**WHAT IS BEING ASKED:** Your response should contain exactly the lines running from the one with "Mychef mychef Distform" to the end of the data below, both included, and no pictures.

**GIVEN MATERIAL:**

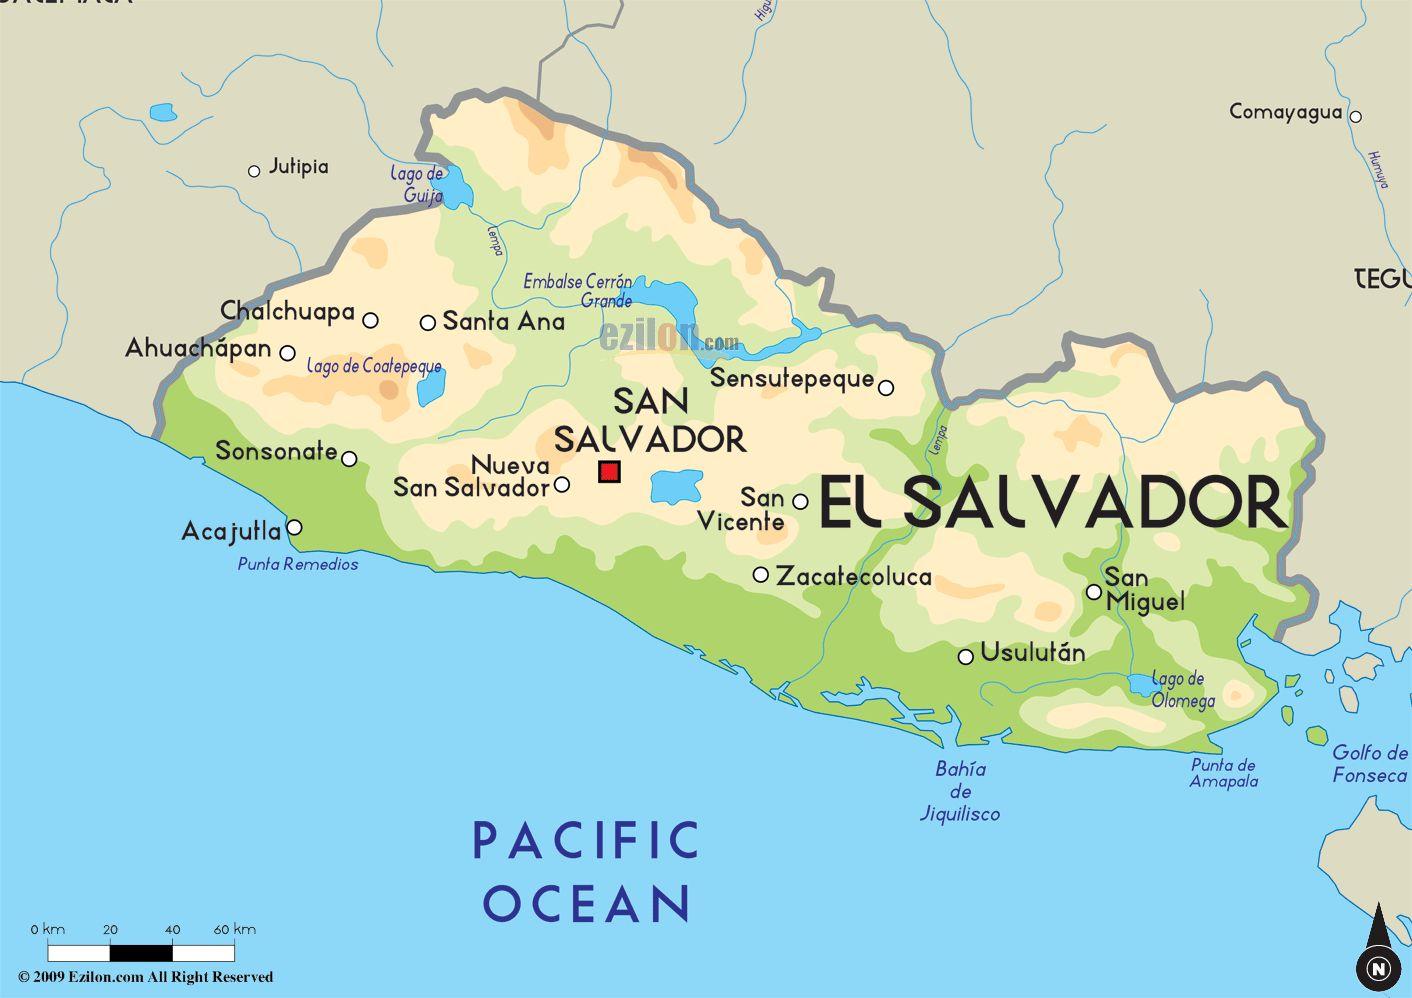 La mapa de El Salvador. El Salvador fue muy grande. | El ... Map De El Salvador on el gouna egypt map, de france map, de monaco map, el pueblo de los angeles map, tuxtla gutierrez mexico map, de florida map, el paraiso honduras map, el monte ca street map, el nido palawan philippines map, de israel map,
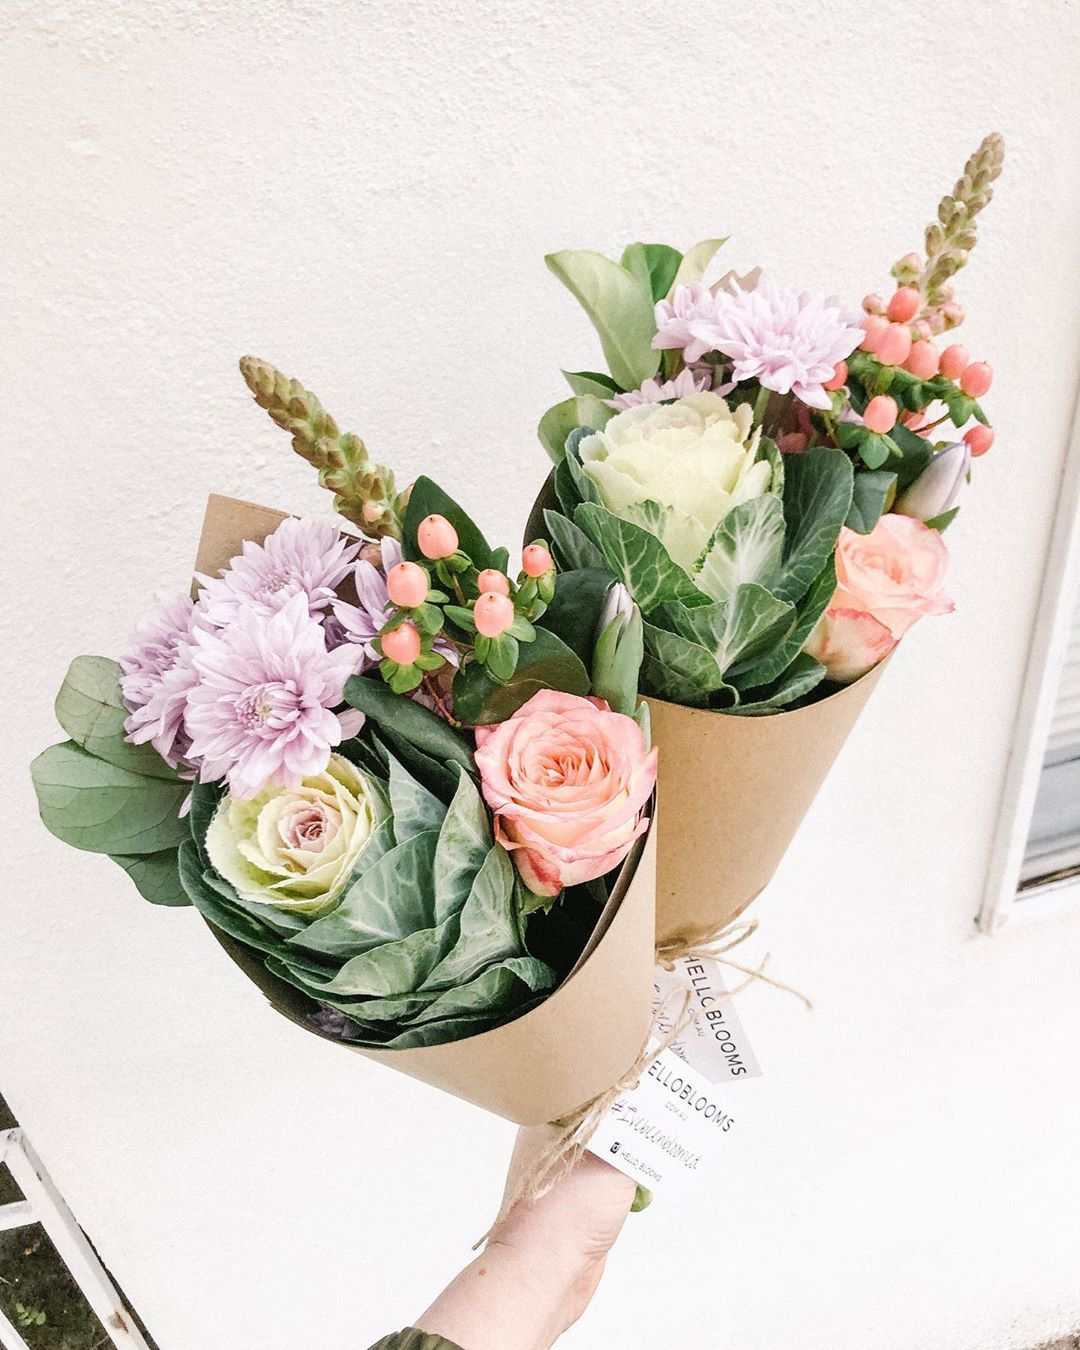 FLOWER + PLANT DELIVERY on Instagram: \u201cMonday\u2019s Blooms \ud83e\uddda\ud83c\udffc ...
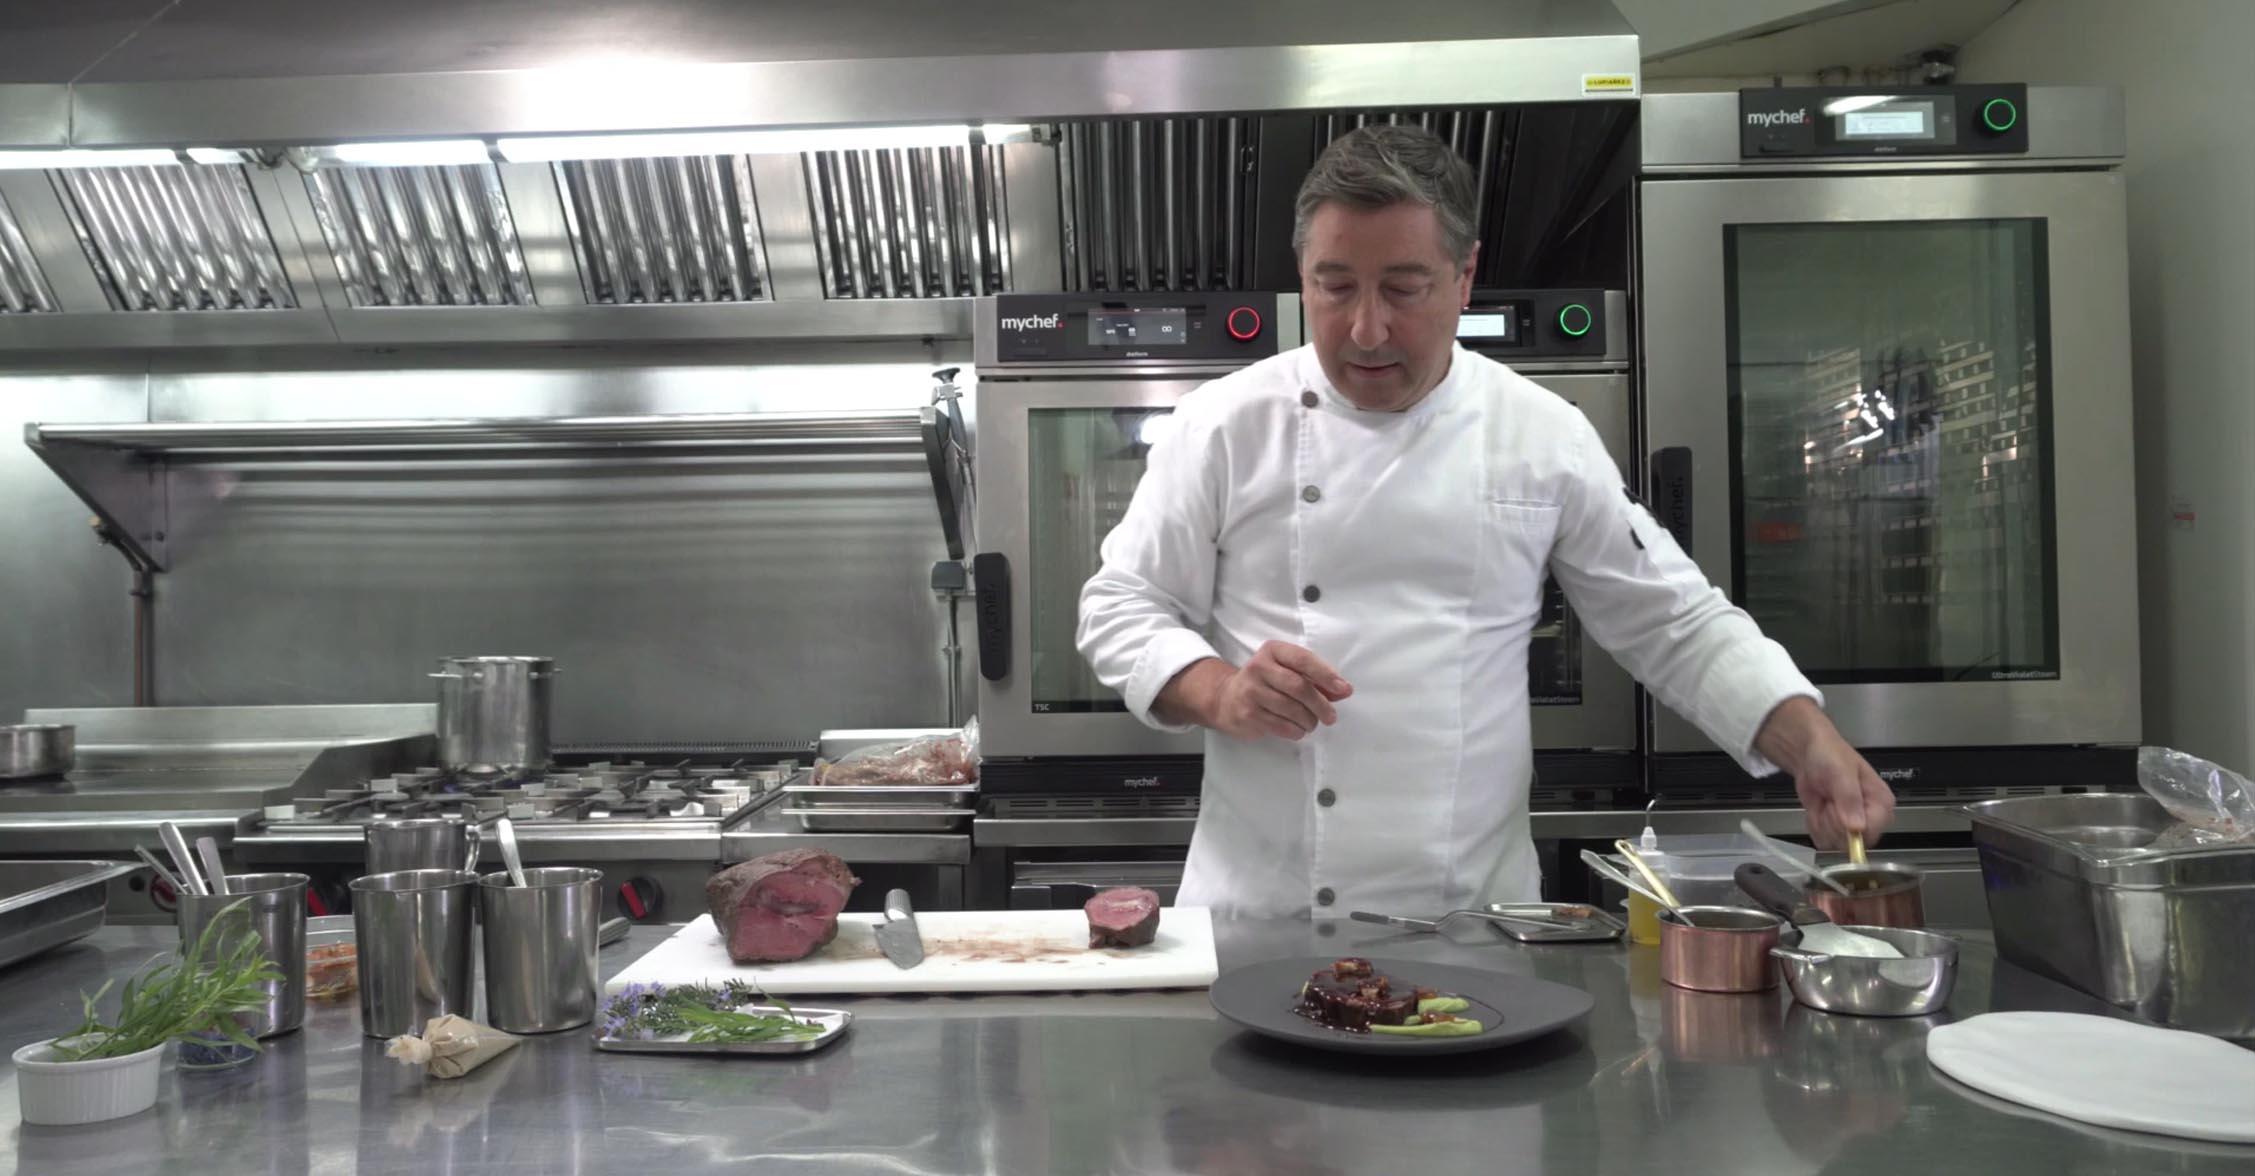 Mychef mychef Distform Roca cocina <span>Historia de éxito de</span> <br>JOAN ROCA  Mychef   mychef Distform Roca cocina
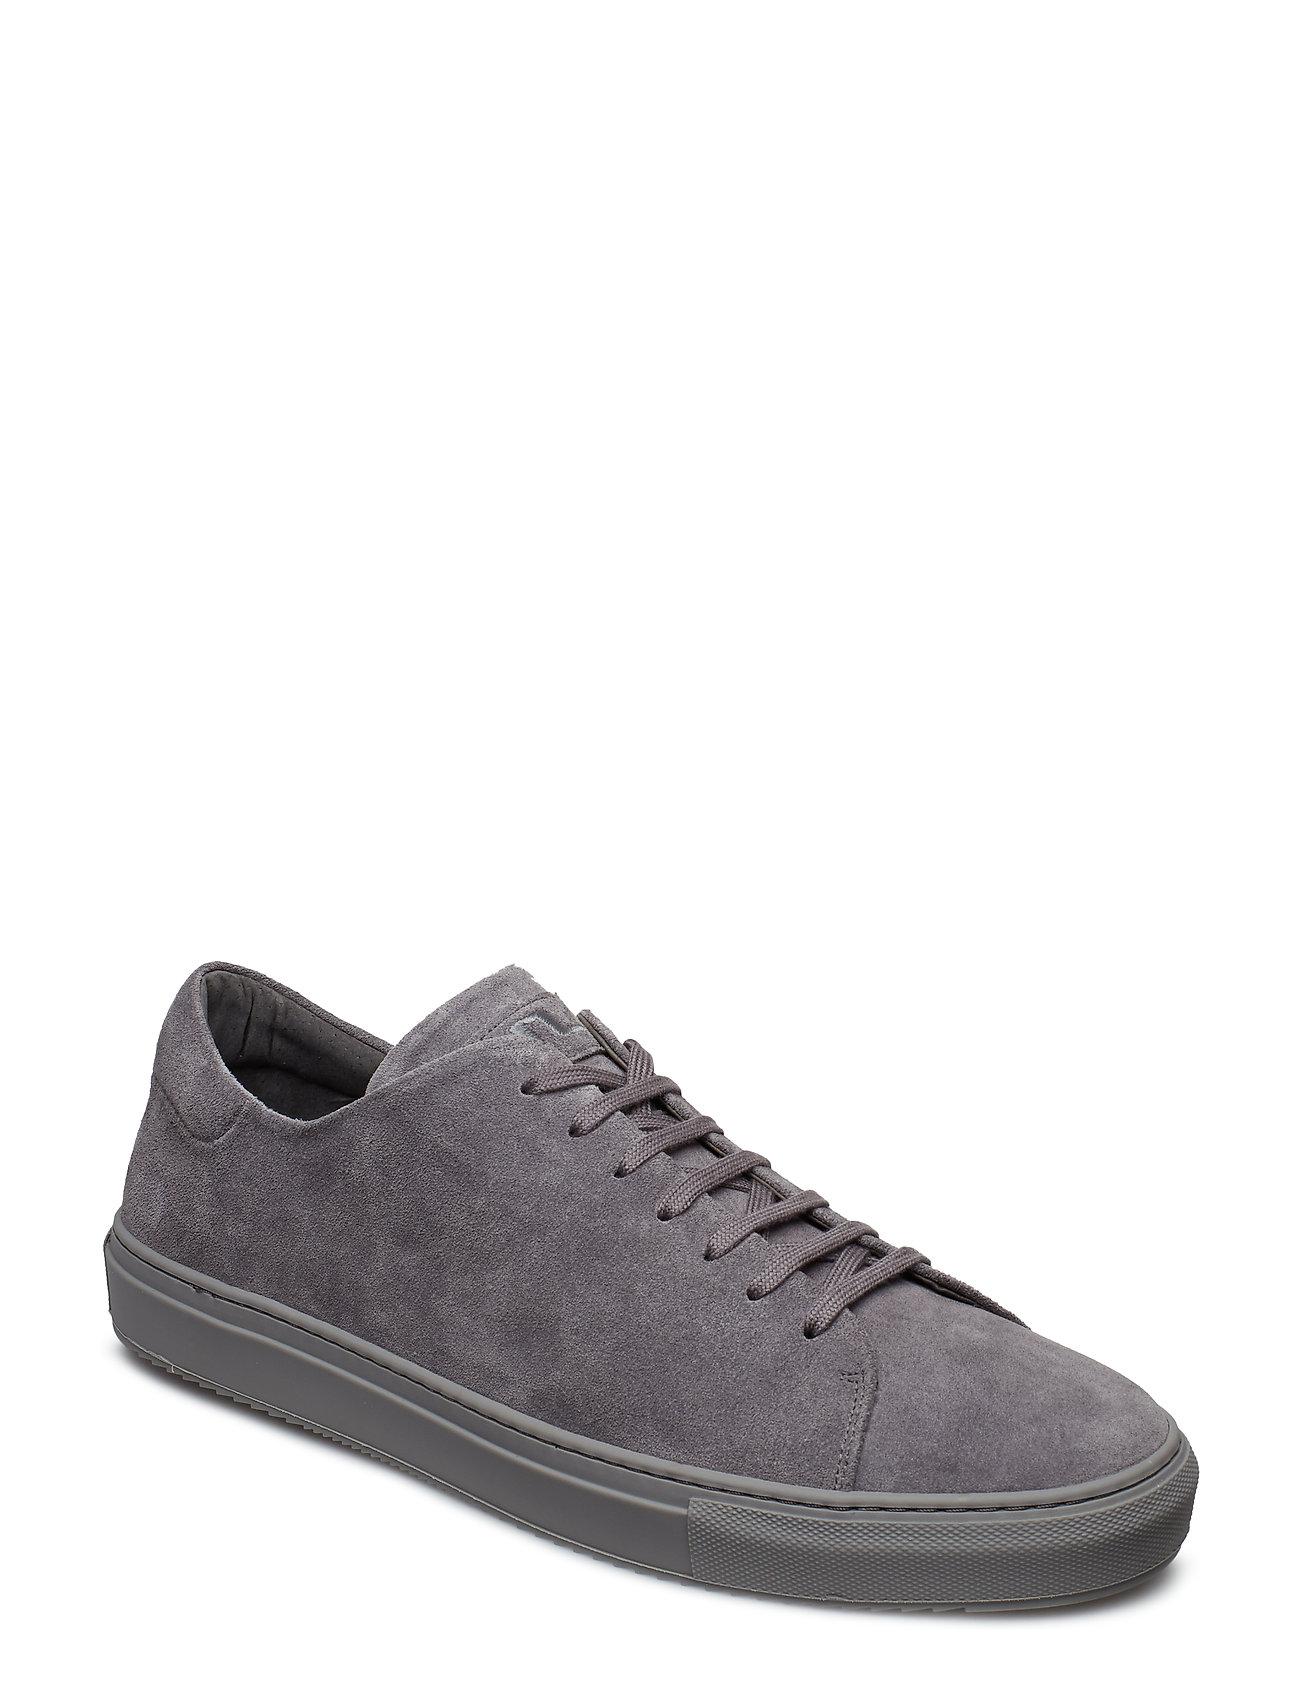 Image of Sneaker Lt Block Suede Low-top Sneakers Grå J. LINDEBERG (3118025175)

**RESULT:**
 Mychef mychef Distform Roca cocina <span>Historia de éxito de</span> <br>JOAN ROCA  Mychef   mychef Distform Roca cocina
 Image of Sneaker Lt Block Suede Low-top Sneakers Grå J. LINDEBERG (3118025175)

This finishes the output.